### SUPPLIED INFORMATION

◆ ◆ ◆ ◆

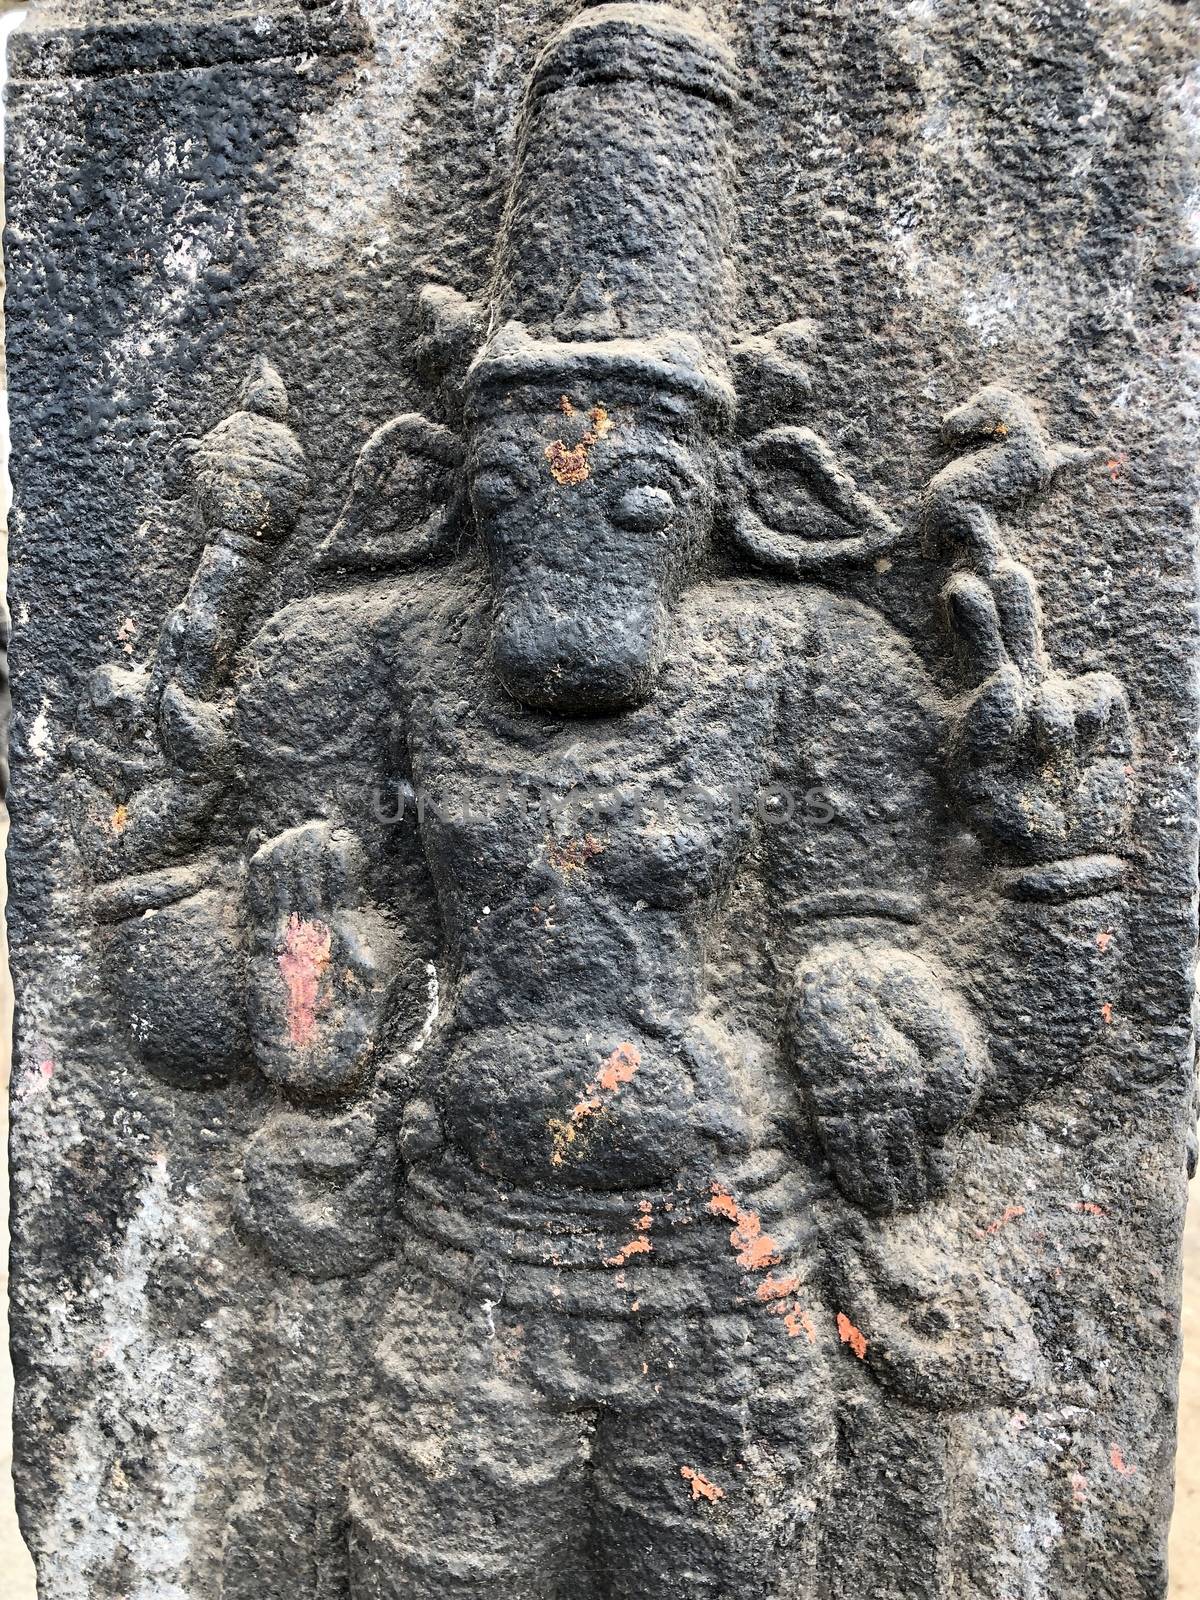 God with calf head sculpture. Bas relief sculpture carved in the stone walls at Shiva temple in Tamil nadu by prabhakaran851
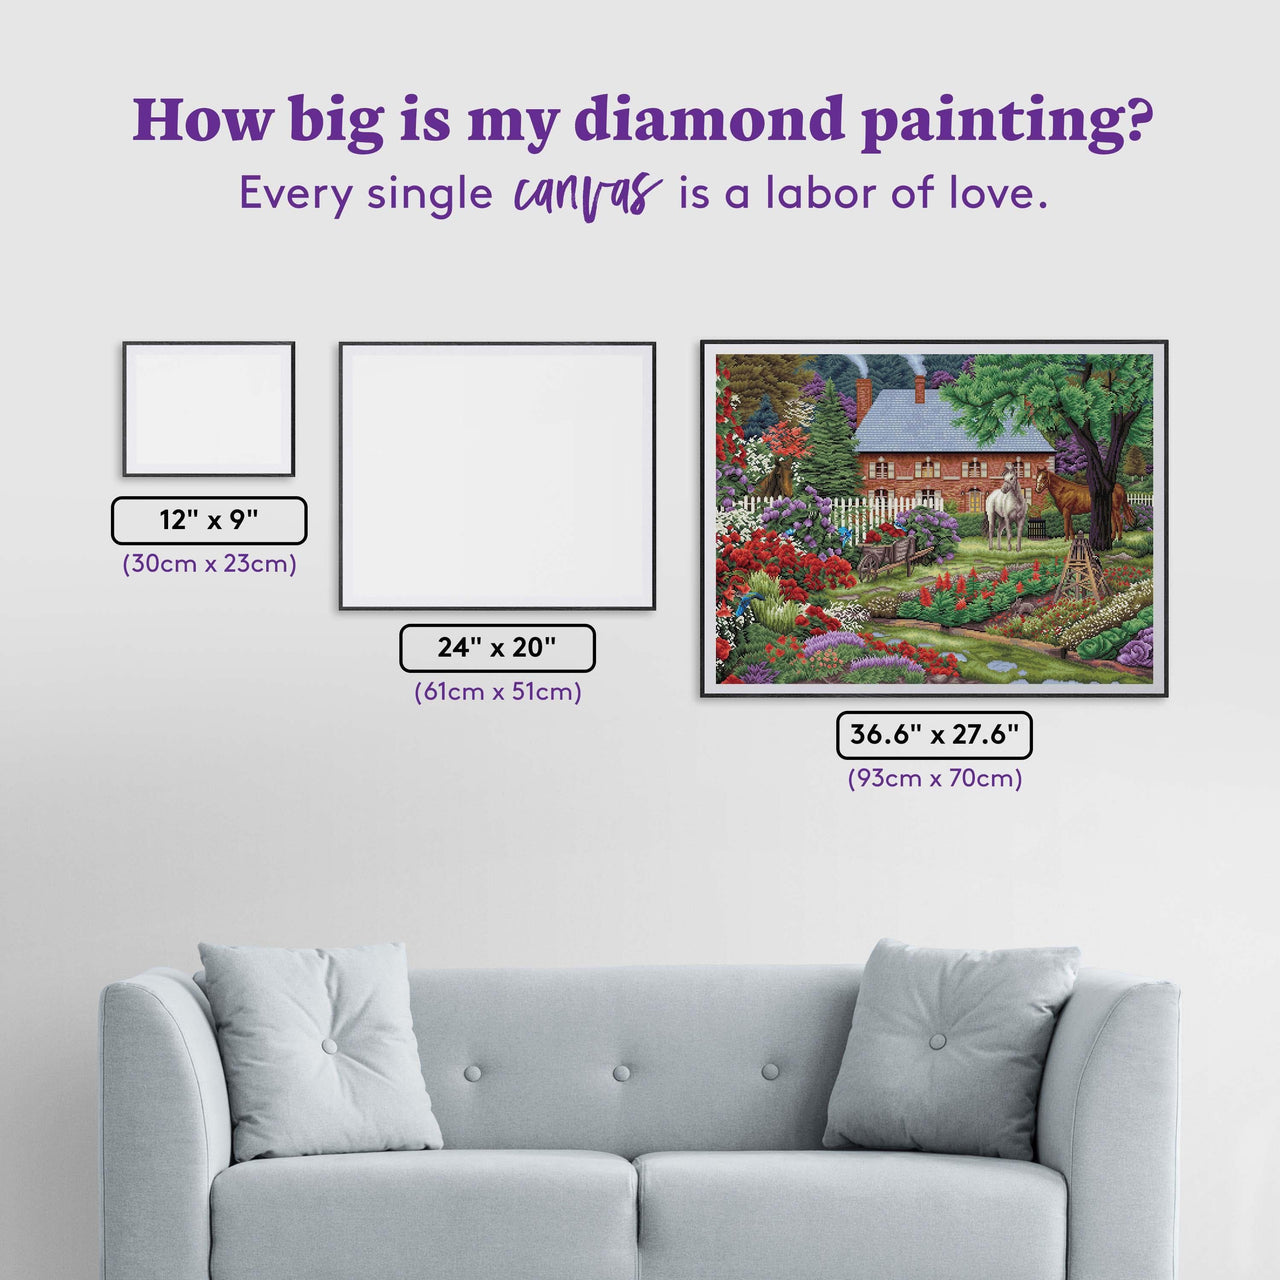 Diamond Painting The Sweet Garden 36.6" x 27.6" (93cm x 70cm) / Square With 65 Colors Including 4 ABs and 2 Fairy Dust Diamonds / 104,813
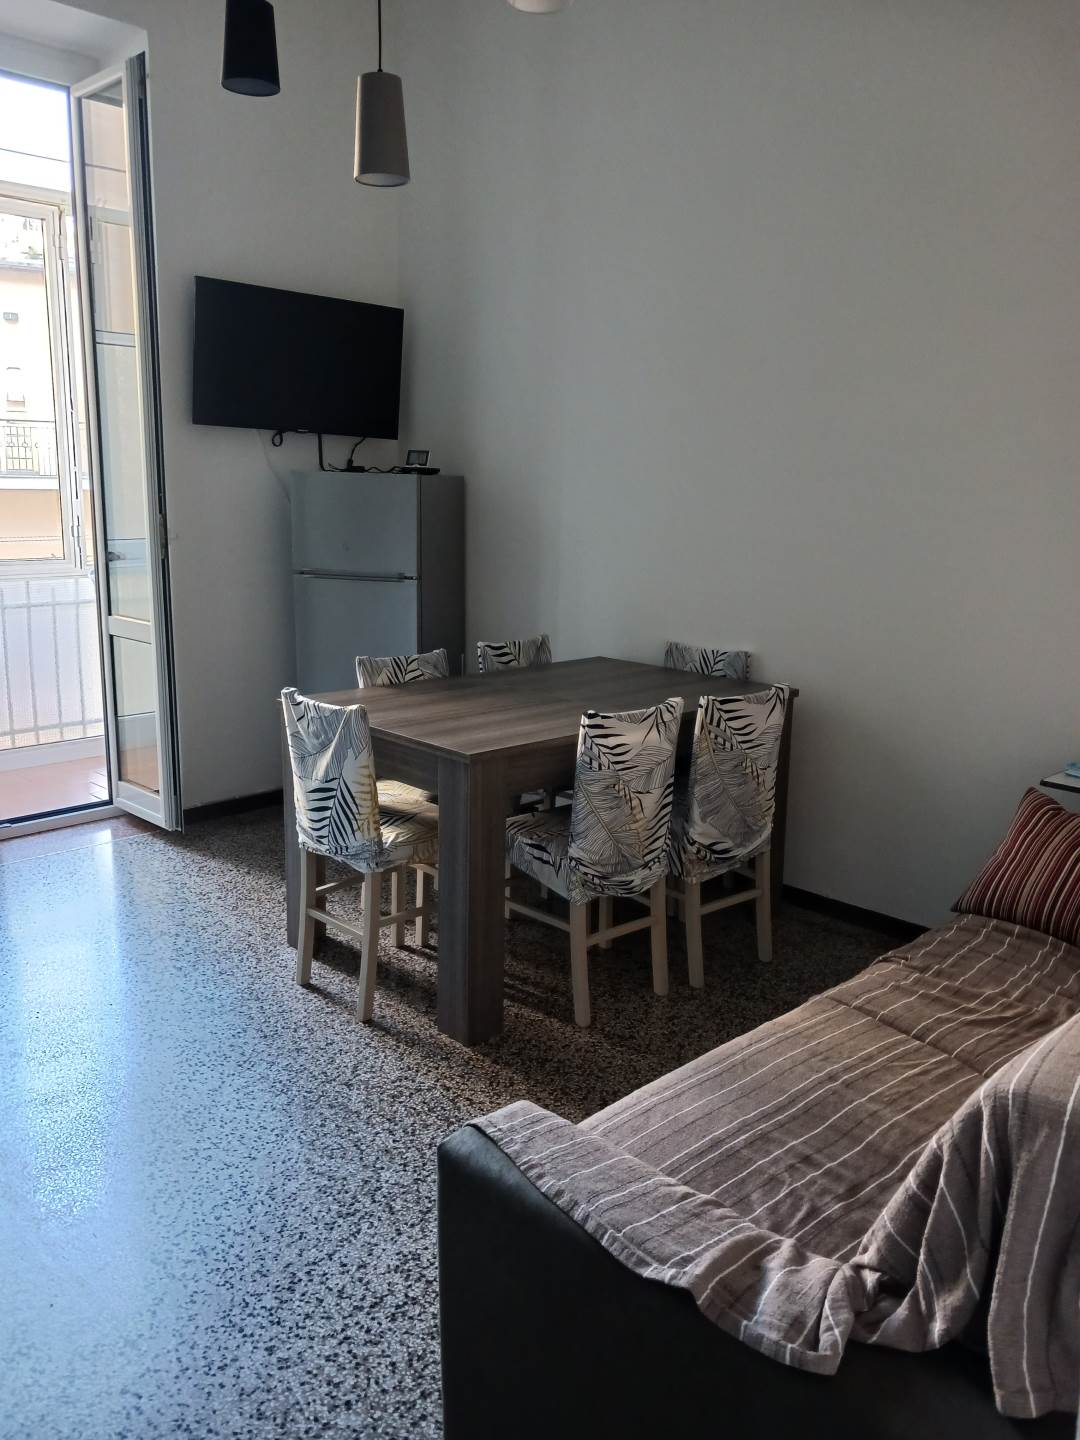 S. RITA, SAVONA, Apartment for rent of 60 Sq. mt., Good condition, Heating Individual heating system, Energetic class: G, placed at 2° on 6, composed

◆ ◆ ◆ ◆

### TASK DETAILS
From the first line of the material down to the line containing "Diamond Painting The", inclusive, return each line exactly, skipping any picture.

### RESPONSE TO THE TASK
 God with calf head sculpture. Bas relief sculpture carved in the stone walls at Shiva temple in Tamil nadu by prabhakaran851
 Diamond Painting The Sweet Garden 36.6" x 27.6" (93cm x 70cm) / Square With 65 Colors Including 4 ABs and 2 Fairy Dust Diamonds / 104,813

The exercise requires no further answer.